As President Donald Trump prepares to host a UFC fight on the White House this week, his family is selling a enterprise geared toward profiting off the spectacle by promoting gold coins priced as excessive as $12,000.
The “Freedom 250”-themed silver and gold medallions function Trump’s face and are being marketed as a collaboration between the UFC and the Trump Organization, which is run by the president’s sons Eric and Donald Trump Jr.
The coins, that are being offered upfront of Sunday’s fight, have been dubbed “Trump Coins” on an internet site that additionally boasts they had been “designed by President Trump.” There are 4 coins on the market, starting from a silver one which prices practically $250 to a $11,999.99 gold medallion whose holder comes with a portrait of Trump and UFC chief Dana White.

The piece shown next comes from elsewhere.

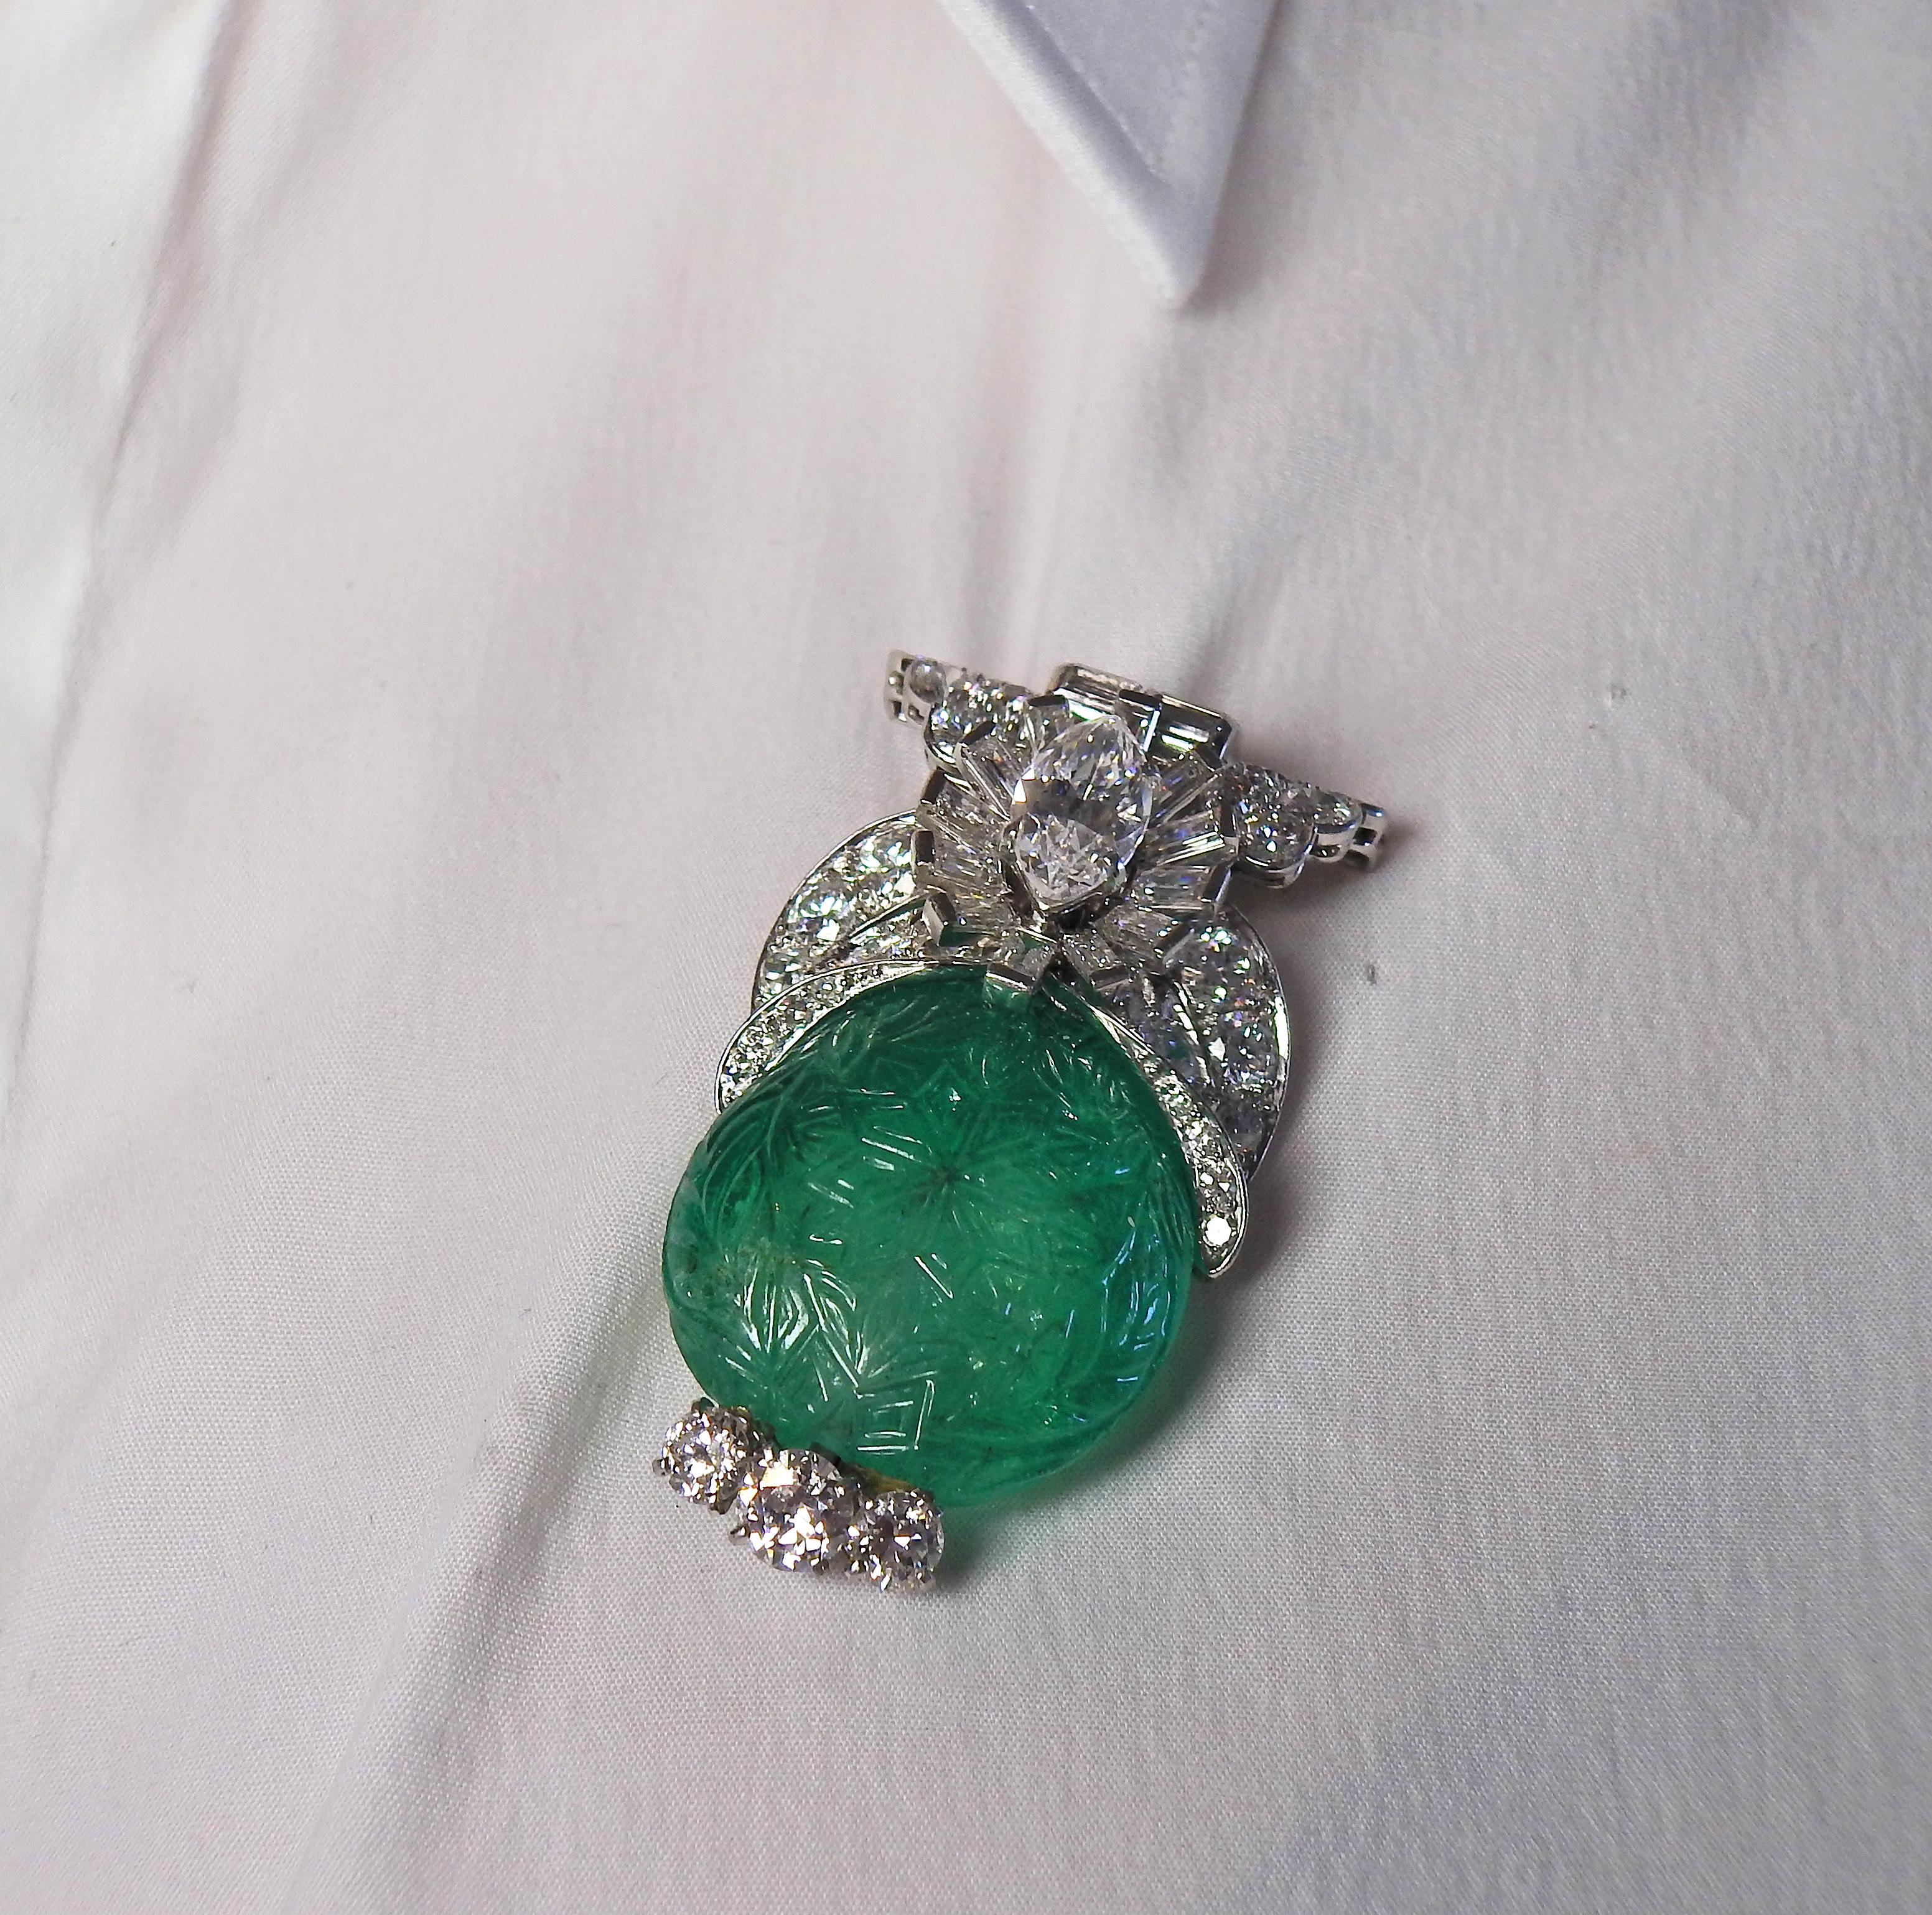 Marquise Cut Cartier approximately 65 Carat Carved Colombian Emerald Diamond Platinum Brooch
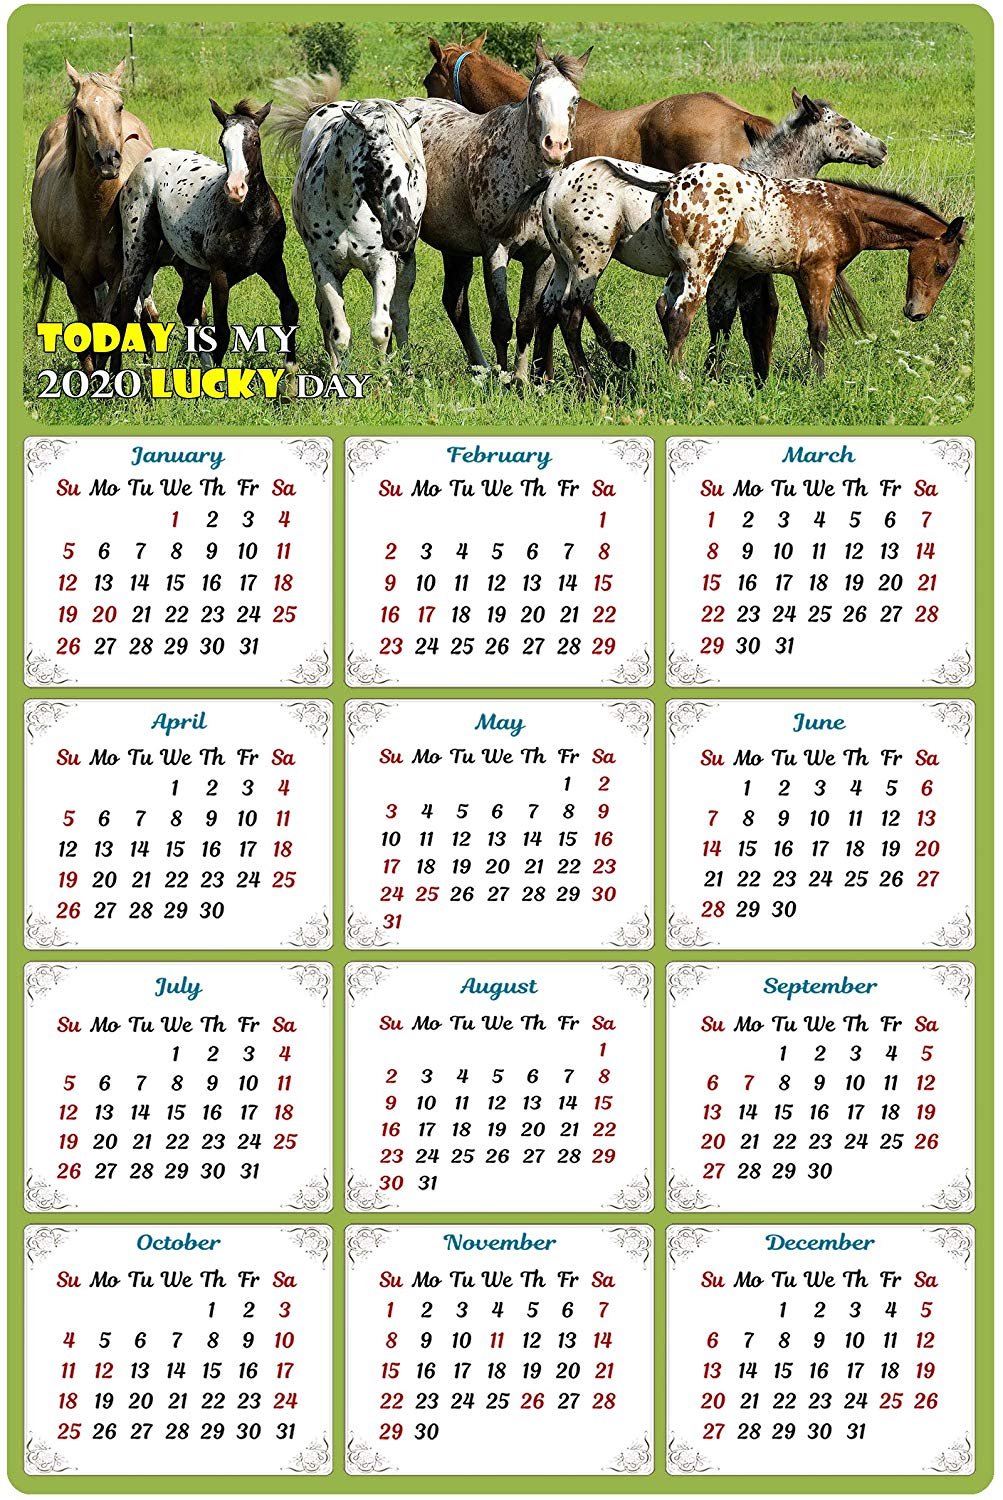 2020 Magnetic Calendar - Calendar Magnets - Today is My Lucky Day - Horses Edition #002

The Trump Organization seems solely to be licensing the president’s model for the coins and isn’t manufacturing or promoting them.
But the collaboration marks the Trump family’s newest involvement in efforts to cash in on his return to the White House — and one more instance of the president’s eagerness to place his title on an array of merchandise, occasions and initiatives associated to his administration.
Trump’s sons have licensed his title to advertise phones, fragrances, cryptocurrency, golf programs and a spread of different enterprise ventures, drawing scrutiny for the unprecedented earnings the Trump family has reaped by their shut affiliation with the commander in chief.
In response to questions on Trump’s involvement within the coin’s design and advertising and marketing, White House spokesman Davis Ingle rejected any suggestion of a battle of curiosity.
“The Fake News’ continued attempts to fabricate conflicts of interest are irresponsible and reinforce the public’s distrust in what they read,” he stated, including that “Trump only acts in the best interests of the American public.”
The Trump Organization didn’t instantly reply to a request for remark.
Trump has talked up the UFC fight for weeks, whereas carefully overseeing the development of an enormous staging space on the White House South Lawn referred to as “The Claw” that now towers over the chief mansion.
And whereas the occasion is billed as a part of the celebration of America’s 250th anniversary, it is usually set to happen on Trump’s eightieth birthday.
That has prompted a lawsuit filed by two Virginia residents looking for to cease the fight. They argue it is going to financially profit White and Trump, citing a report from the spring that Trump purchased $50,000 in inventory in UFC’s mum or dad firm.
The fight “is not in any material sense a ‘celebration of the 250th anniversary of American Independence’—it is, instead, a celebration of the UFC’s brand and the 80th anniversary of Donald Trump’s birth,” the lawsuit alleges.
A federal choose has ordered the administration to answer the lawsuit by Tuesday night.
In the meantime, Trump and the UFC have pressed forward as deliberate — as has the Trump Organization’s coin collaboration, which sought on its web site to field out any rivals by asserting its product was the one one accepted by the president himself.
“These are the only officially licensed Donald J. Trump medallions on the market,” the web site reads. “Other Trump-themed bullion or numismatic products might be unlawful, and more importantly, none of them has an actual connection to Donald J. Trump – ours are the only medallions authorized and endorsed/designed by President Trump himself.”